The following steps illustrate the transformation of textual data with some XML markup into the CWB data format.
A schematic representation of the encoded corpus is shown in Figure 1. Each token (together with its annotations) corresponds to a row in the tabular format. The row numbers, starting from 0, uniquely identify each token and are referred to as corpus positions.
Each (token-level) annotation layer corresponds to a column in the table, called a positional attribute or p-attribute (note that the original word forms are also treated as an attribute with the special name word). Annotations are always interpreted as character strings, which are collected in a separate lexicon for each positional attribute. The CWB data format uses lexicon IDs for compact storage and fast access.
Matching pairs of XML start and end tags are encoded as token regions, identified by the corpus positions of the first token (immediately following the start tag) and the last token (immediately preceding the end tag) of the region. (Note how the corpus position of an XML tag in Figure 1 is identical to that of the following or preceding token, respecitvely.) Elements of the same name (e.g. <s>...</s> or <text>...</text>) are collected and referred to as a structural attribute or s-attribute. The corresponding regions must be non-overlapping and non-recursive. Different s-attributes are completely independent in the CWB: a hierarchical nesting of the XML elements is neither required nor can it be guaranteed.

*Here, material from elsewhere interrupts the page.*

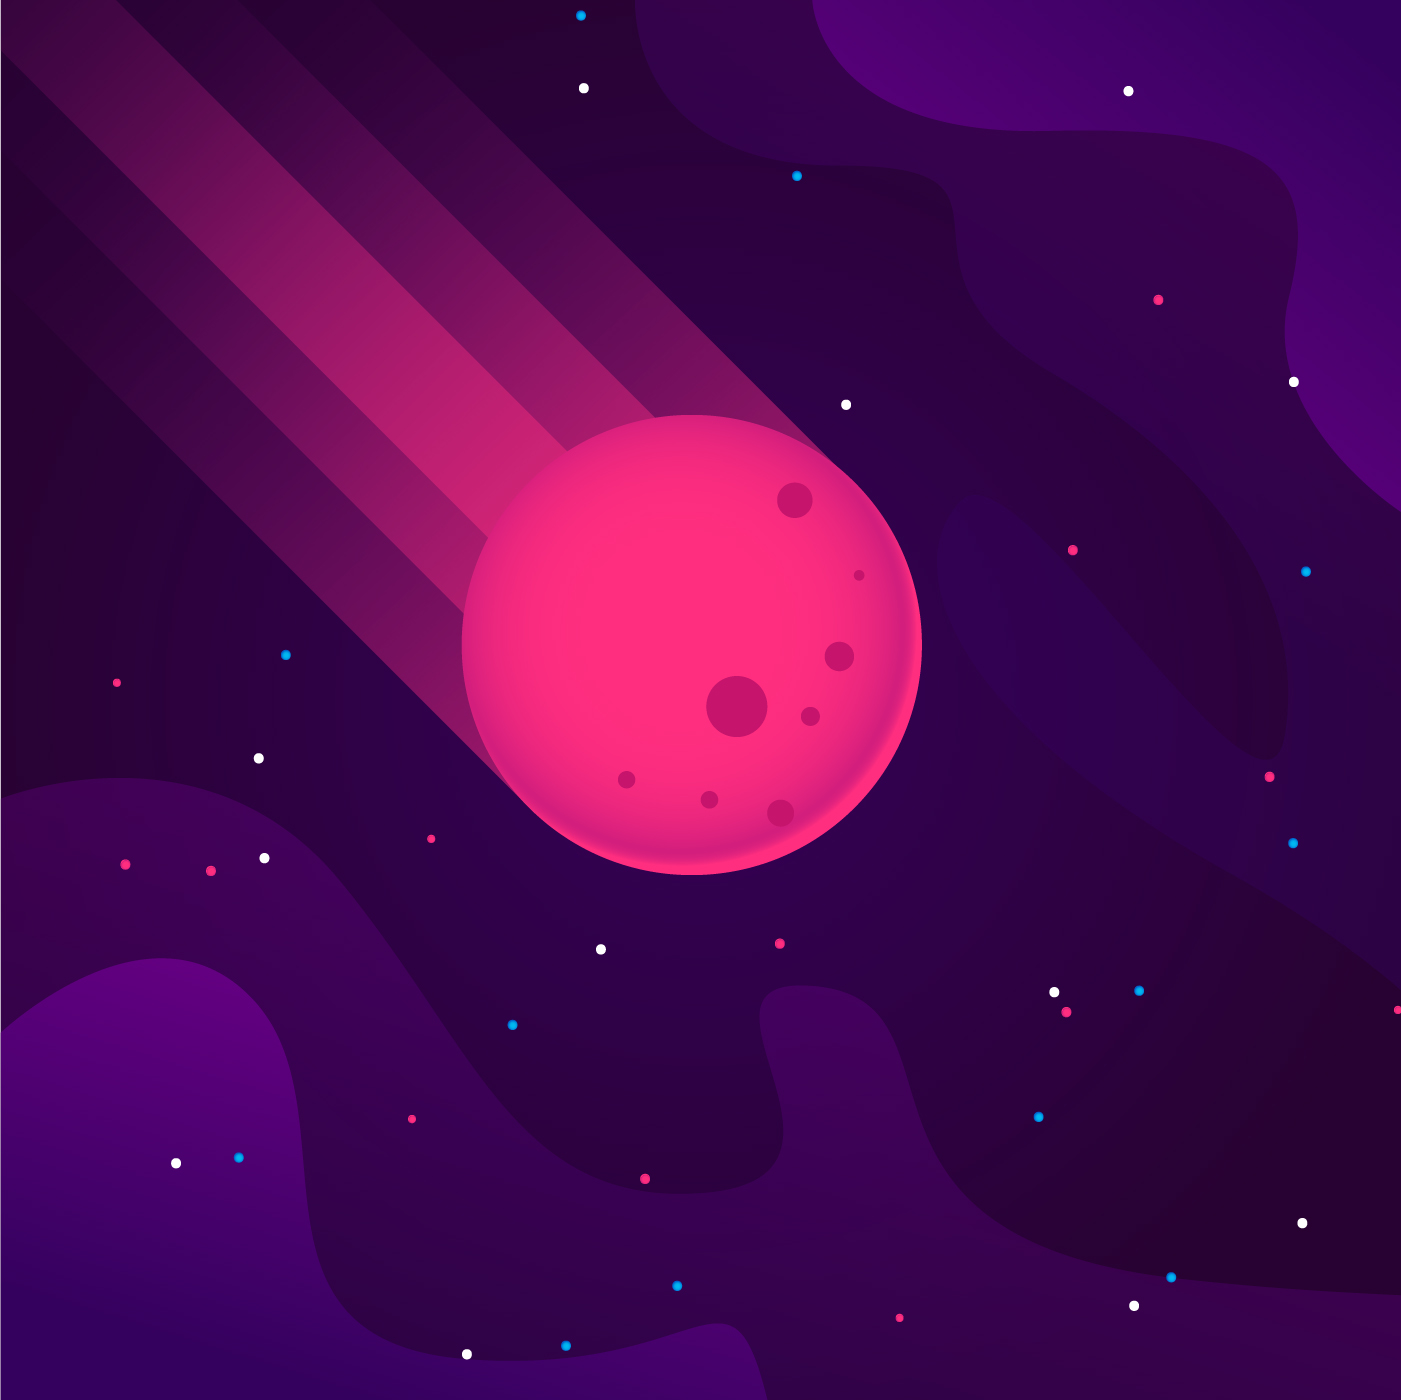 Falling Meteor Illustration Download Free Vectors

Key-value pairs in XML start tags can be stored as an annotation of the
corresponding s-attribute region. All key-value pairs are treated as a
single character string, which has to be “parsed” by a CQP query that
needs access to individual values. In the recommended encoding procedure,
an additional s-attribute (named element_key) is
automatically created for each key and is directly annotated with the
corresponding value (cf. <text_id>
and <text_lang>
in
Figure 1).
Since s-attributes are non-recursive, XML markup such as
<np>the man <pp>with <np>the telescope</np></pp> </np>
is not allowed in a CWB corpus (the embedded <np> region will
automatically be dropped).2 In the recommended encoding procedure, embedded regions (up to a pre-defined
level of embedding) are automatically renamed by adding digits to the
element name:
<np>the man <pp>with <np1>the telescope</np1></pp> </np>